The process of creating an SHA256 hash in python is very simple. First import hashlib, then encode your string that you want to hash i.e., converts the string into the byte equivalent using encode(), then pass it through the hashlib.sha256()
function. We print the hexdigest
value of the hash m
, which is the hexadecimal equivalent encoded string.
import hashlib
file_name = 'filename.jpg'
with open(file_name) as f:
data = f.read()
sha256hash = hashlib.sha256(data).hexdigest()
SHA256 Hash of Large Files in Python
In the above code, there is one problem. If the file is a 10 Gb file, let’s say a large log file or a dump of traffic or a Game like FIFA or others. If you want to compute SHA256 hash of it, it would probably chew up your memory.

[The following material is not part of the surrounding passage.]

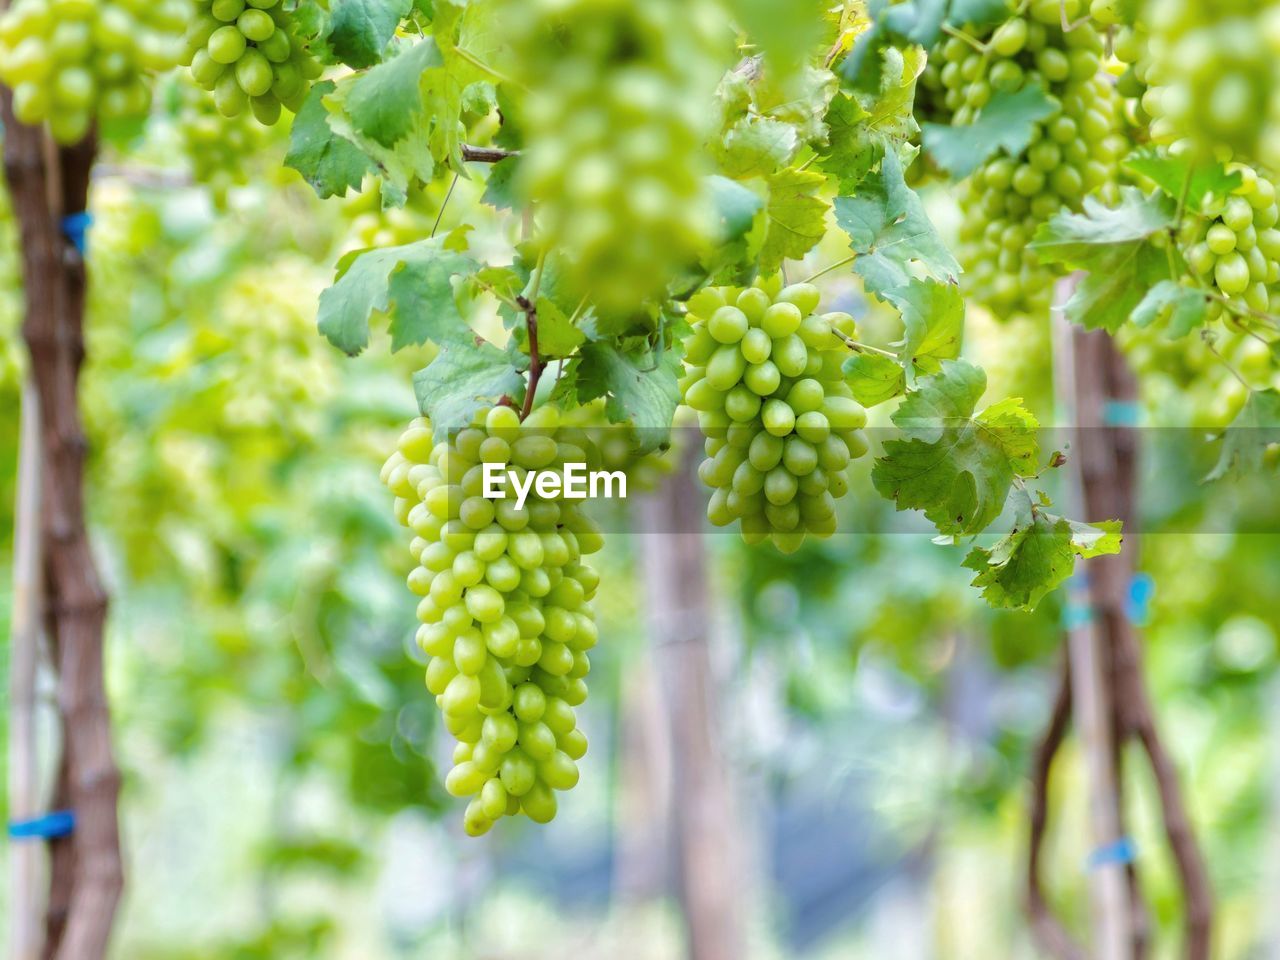 CLOSE-UP OF GRAPES IN VINEYARD

Here is a memory optimized way of computing SHA256 hash, where we read chunks of 4096 bytes (can be customised as per your requirement, size of your system, size of your file etc.,). So, in this process we sequentially process the chunks and update the hash. So, in this process, let’s say there are 1000 such chunks of the file, the hash_sha256
is updated 1000 times.
At the end we return the hexdigest
value of the hash m
, which is the hexadecimal equivalent encoded string.
import hashlib
# A utility function that can be used in your code
def compute_sha256(file_name):
hash_sha256 = hashlib.sha256()
with open(file_name, "rb") as f:
for chunk in iter(lambda: f.read(4096), b""):
hash_sha256.update(chunk)
return hash_sha256.hexdigest()
Compare and Verify SHA256 hash of a file using python
You need to verify the SHA256 hash at the server or at some other point or logic in your code.
To verify the SHA256 hash you will have to create the SHA256 hash of the original file again.

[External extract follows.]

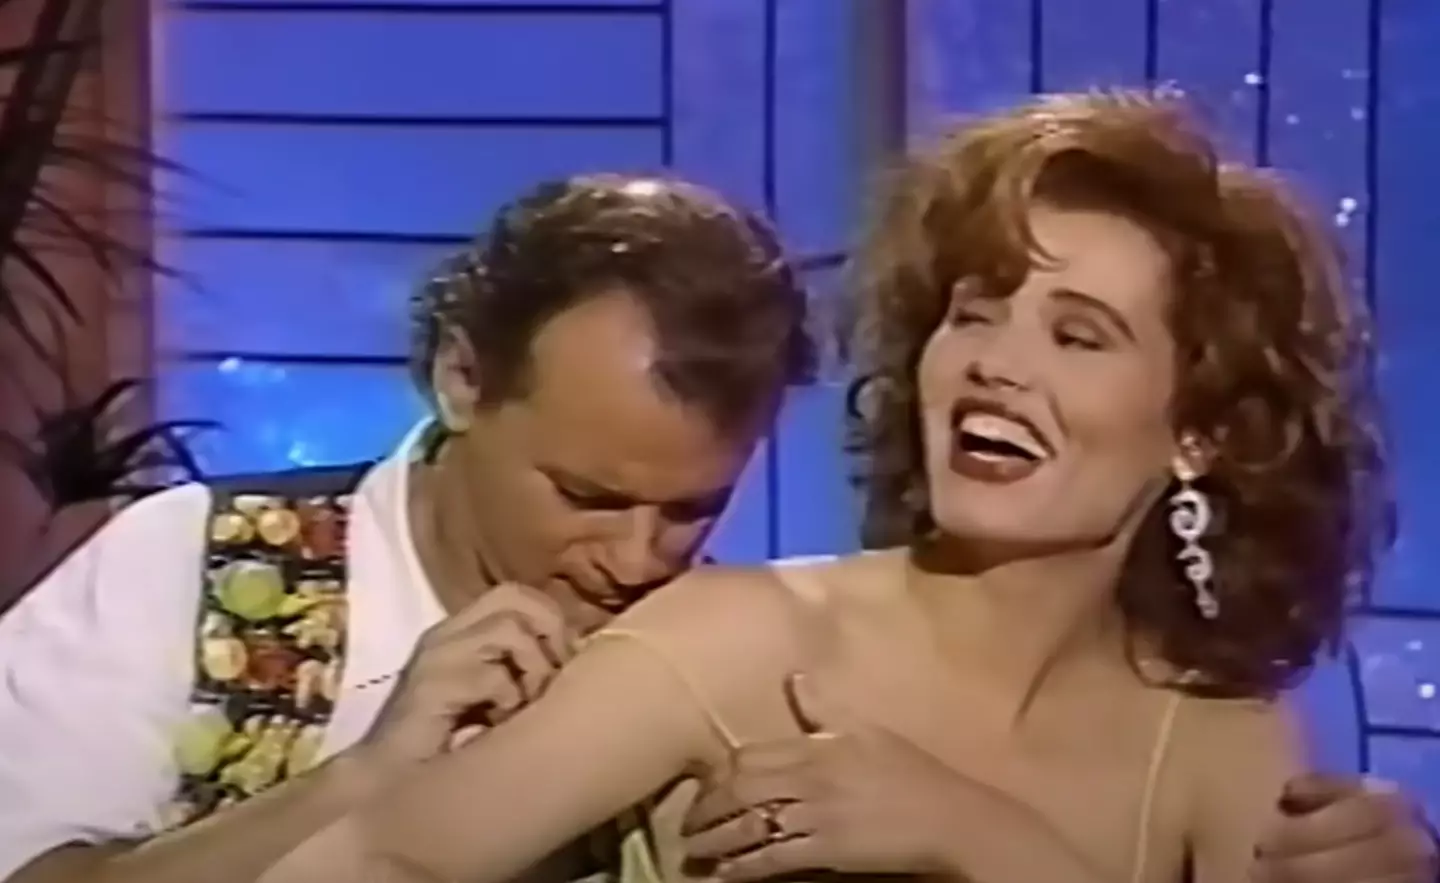 The pair's appearance on The Arsenio Hall Show saw Murray take down one of Davis' dress straps.

Then compare the original SHA256 value that the source has generated and SHA256 that you generate.
import hashlib
file_name = 'filename.jpg'
original_sha256 = 'e57e2454280342b30a5d32e814acdefb7f454120203e5ae1c9ae69980ef6253d'
with open(file_name) as f:
data = f.read()
sha256_returned = hashlib.sha256(data).hexdigest()
if original_sha256 == sha256_returned:
print "SHA256 verified."
else:
print "SHA256 verification failed."
A more complex hash can be created in SHA 2 family using the SHA-512 algorithm in python for a file.
The process of SHA256 creation and verification is easy as we discussed above. Happy Coding!
I’m glad that you found the content useful. And there you have it! We’ve successfully traversed the path of creating a SHA256 hash of a file using Python. It’s an essential skill to possess in today’s digital landscape, where data security is paramount. With this newfound knowledge, you can confidently verify the integrity and authenticity of files, ensuring that your data remains unaltered and trustworthy. So go ahead, implement this technique in your Python projects, and take your data handling to the next level. Happy hashing, Happy Coding.